# cramp (ajedrez)



## mercebri

Hola: ¿alguien conoce el equivalente exacto en castellano al término en inglés "cramp" del ajedrez?

En los diccionarios de ajedrez dice así:
*Cramp* 

*Definition*
A disadvantage in space that leads to a lack of mobility.

Quizá no sea un término específico del ajedrez. En algunos glosarios aparece, en otros no...


----------



## fuzzzylogix

Es como estar acorralado en la tabla.


----------



## javik

Se refiere a cuando tu oponente te encierra, es decir, avanza sus filas, lo que provoca que tus fichas tengan una menor movilidad, ya que cuanto más avancen las fichas del contrario (si están en una buena posición) menos libertad de movimientos tendrás.

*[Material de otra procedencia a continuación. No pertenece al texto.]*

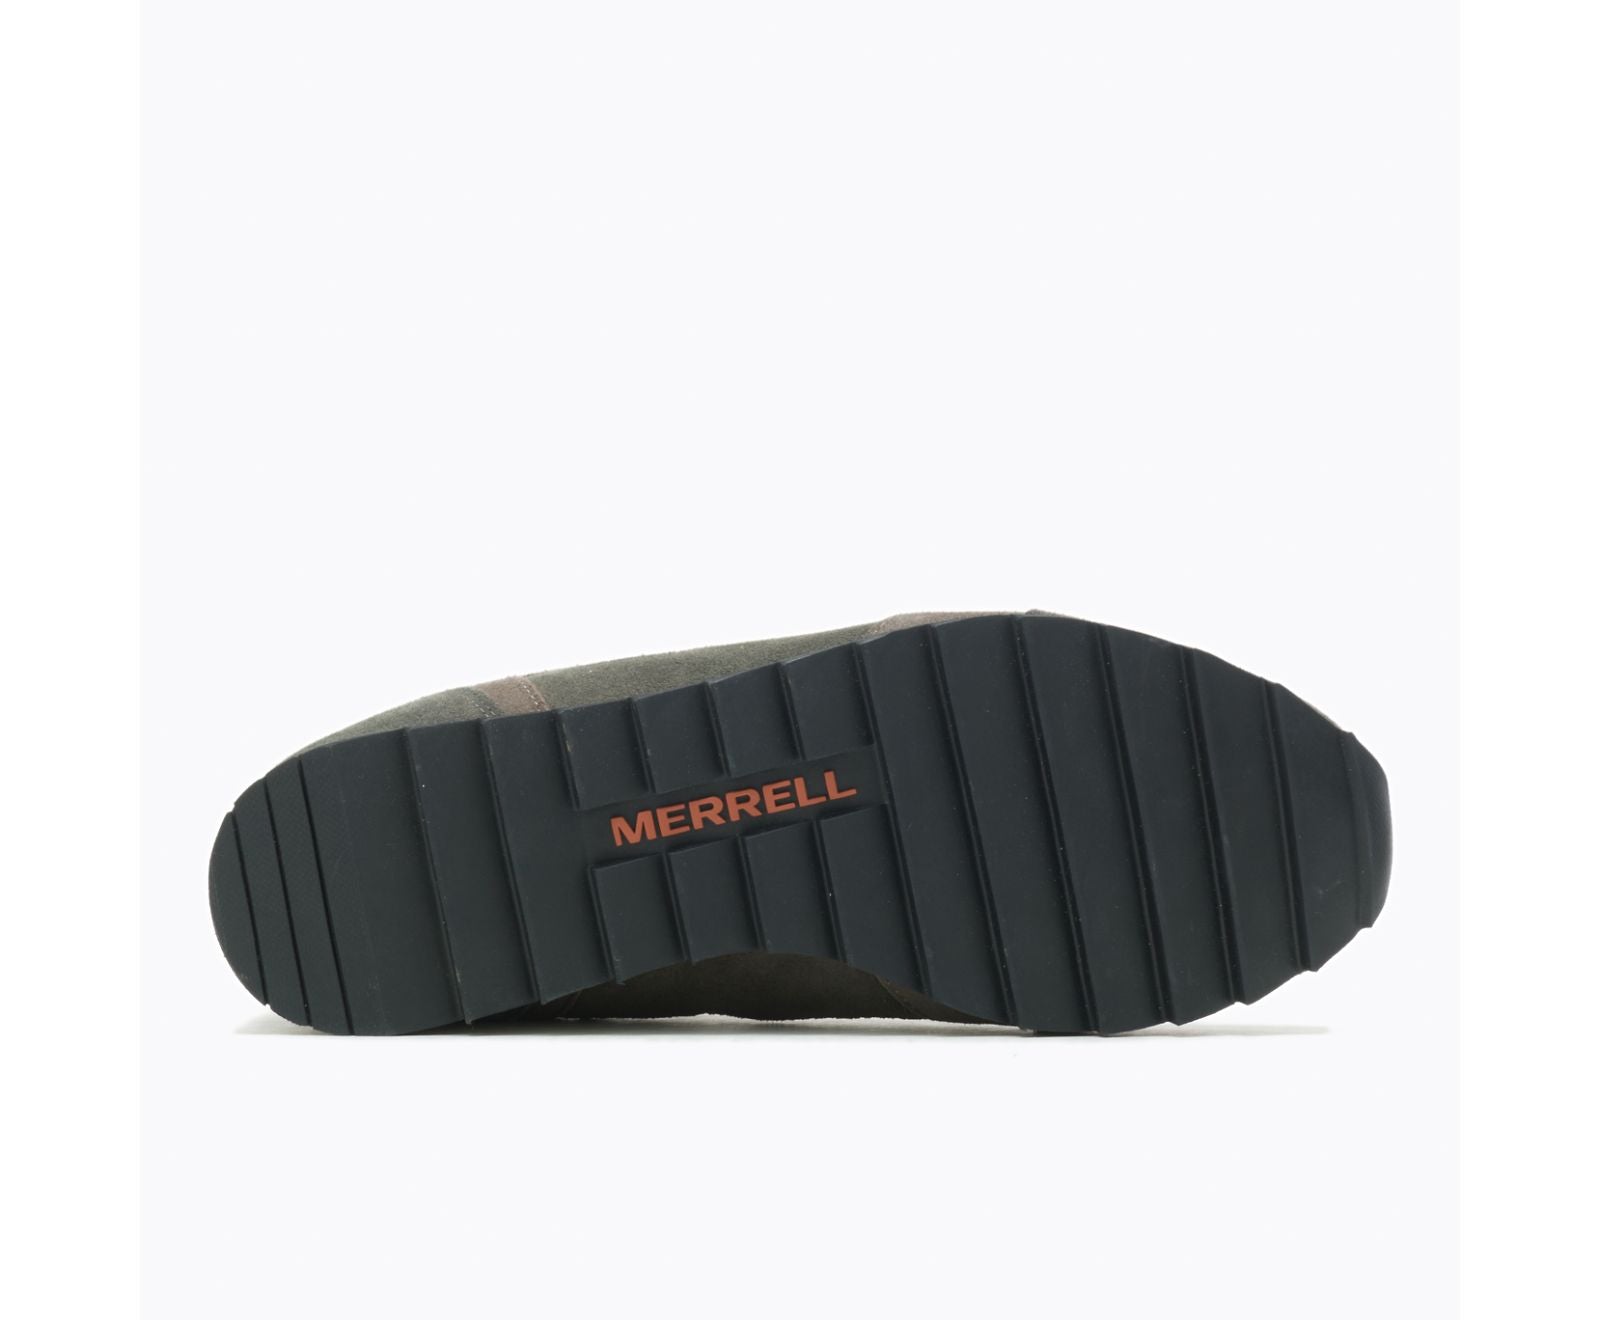 Merrell Alpine Sneaker Men's

No creo que exista una traducción literal... pero podría ser *acorralamiento *o *encierro*


----------



## cenriquet

Quizás puede referirse a "perder la posición"


----------



## lpfr

Tal vez el término exista, pero no parece ser muy corriente. Por ejemplo, en este glosario, no aparece.


----------



## mercebri

Gracias. "Acorralamiento" me parece que puede funcionar.


----------



## Fantasmagórico

¿Puede ser "bloqueo"?
http://www.todoajedrez.com.ar/cursobasico/bloqueo.php
  Espera más opiniones.


----------



## rholt

*Cramp* 

*Definition*
A disadvantage in space that leads to a lack of mobility.

Mi intento:
-> Aprieto
Una desventaja en espacio que lleva a una falta de mobilidad.


----------



## bleu_bizance

Hola,

En realidad no hay un término técnico para español, pero el vocablo correcto es "restricción". El término acorralamiento no se usa en la jerga ajedrecística, es como decirle "obispo" al alfil o "Caballo a h7" en lugar de Ch7.

Saludos


----------



## bleu_bizance

Además no es "bloqueo", ese es un término para indicar la oclusión o cierre de "líneas" (conjuntos verticales, diagonales u horizontales de casillas del tablero de ajedrez) o la colocación de una pieza enemiga frente a un peón para que este no avance, regularmente otro peón o un caballo. Puedes consultar _Mi sistema o Die blokade _de Aaron Nimzowitsch para mayor información.


----------